Subióse el soldado a la copa del árbol, se deslizó por el agujero y, tal como le dijera la bruja, se encontró muy pronto en el espacioso corredor en el que ardían las lámparas.
Y abrió la primera puerta. ¡Uf! Allí estaba el perro de ojos como tazas de café, mirándolo fijamente.
- ¡Buen muchacho! - dijo el soldado, cogiendo al animal y depositándolo sobre el delantal de la bruja. Llenóse luego los bolsillos de monedas de cobre, cerró la caja, volvió a colocar al perro encima y pasó a la habitación siguiente. En efecto, allí estaba el perro de ojos como ruedas de molino.
- Mejor harías no mirándome así -le dijo-. Te va a doler la vista -. Y sentó al perro sobre el delantal. Al ver en la caja tanta plata, tiró todas las monedas de cobre que llevaba encima y se llenó los bolsillos y la mochila de las del blanco metal.
Pasó entonces al tercer aposento. Aquello presentaba mal cariz; el perro tenía, en efecto, los ojos tan grandes como la Torre Redonda, y los movía como sí fuesen ruedas de molino.
- ¡Buenas noches! -dijo el soldado llevándose la mano a la gorra, pues perro como aquel no lo había visto en su vida. Una vez lo hubo observado bien, pensó: «Bueno, ya está visto», cogió al perro, lo puso en el suelo y abrió la caja. ¡Señor, y qué montones de oro! Habría como para comprar la ciudad de Copenhague entera, con todos los cerditos de mazapán de las pastelerías y todos los soldaditos de plomo, látigos y caballos de madera de balancín del mundo entero. ¡Allí sí que había oro, palabra!
Tiró todas las monedas de plata que llevaba encima, las reemplazó por otras de oro, y se llenó los bolsillos, la mochila, la gorra y las botas de tal modo que apenas podía moverse. ¡No era poco rico, ahora! Volvió a poner al perro sobre la caja, cerró la puerta y, por el hueco del tronco, gritó
- ¡Súbeme ya, vieja bruja!
- ¿Tienes el yesquero? - preguntó la mujer.
- ¡Caramba! - exclamó el soldado -, ¡pues lo había olvidado! Y fue a buscar la bolsita, con la yesca y el pedernal dentro. La vieja lo sacó del árbol, y nuestro hombre se encontró de nuevo en el camino, con los bolsillos, las botas, la mochila y la gorra repletos de oro.
- ¿Para qué quieres el yesquero? - preguntó el soldado.
- ¡Eso no te importa! - replicó la bruja -. Ya tienes tu dinero; ahora dame la bolsita.
- ¿Conque sí, eh? - exclamó el mozo -. ¡Me dices enseguida para qué quieres el yesquero, o desenvaino el sable y te corto la cabeza!

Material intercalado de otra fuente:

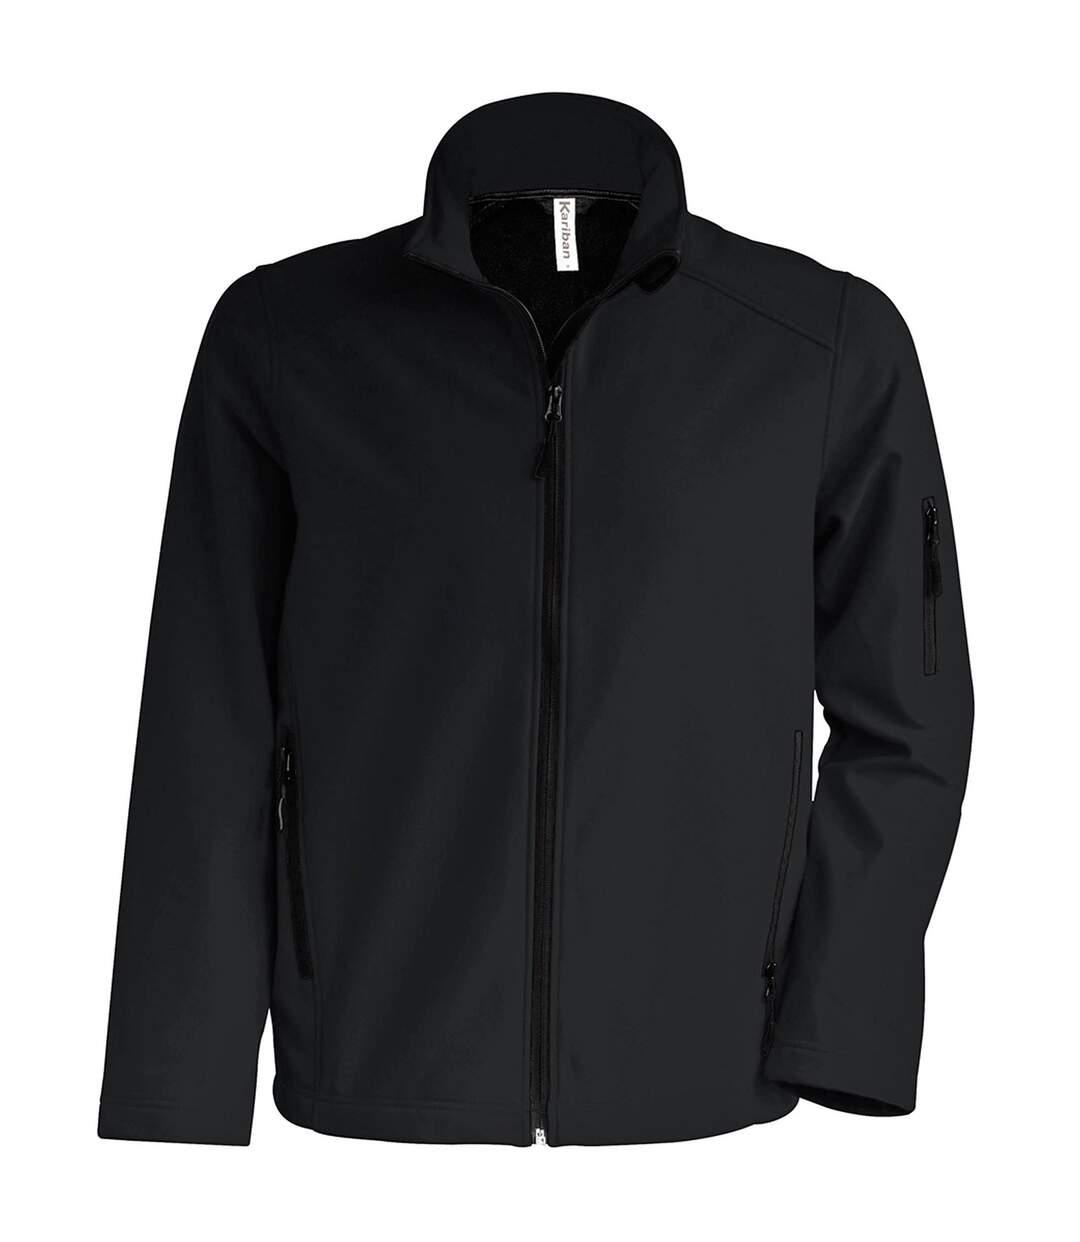 Kariban Mens Contemporary Softshell 3 Layer Performance Jacket (Black) - UTRW715

- ¡No! -insistió la mujer.
Y el soldado le cercenó la cabeza y dejó en el suelo el cadáver de la bruja. Puso todo el dinero en su delantal, colgóselo de la espalda como un hato, guardó también el yesquero y se encaminó directamente a la ciudad.
Era una población magnífica, y nuestro hombre entró en la mejor de sus posadas y pidió la mejor habitación y sus platos preferidos, pues ya era rico con tanto dinero.
Al criado que recibió orden de limpiarle las botas ocurriósele que eran muy viejas para tan rico caballero; pero es que no se había comprado aún unas nuevas. Al día siguiente adquirió unas botas como Dios manda y vestidos elegantes.
Y ahí tenéis al soldado convertido en un gran señor. Le contaron todas las magnificencias que contenía la ciudad, y le hablaron del Rey y de lo preciosa que era la princesa, su hija.
- ¿Dónde se puede ver? - preguntó el soldado.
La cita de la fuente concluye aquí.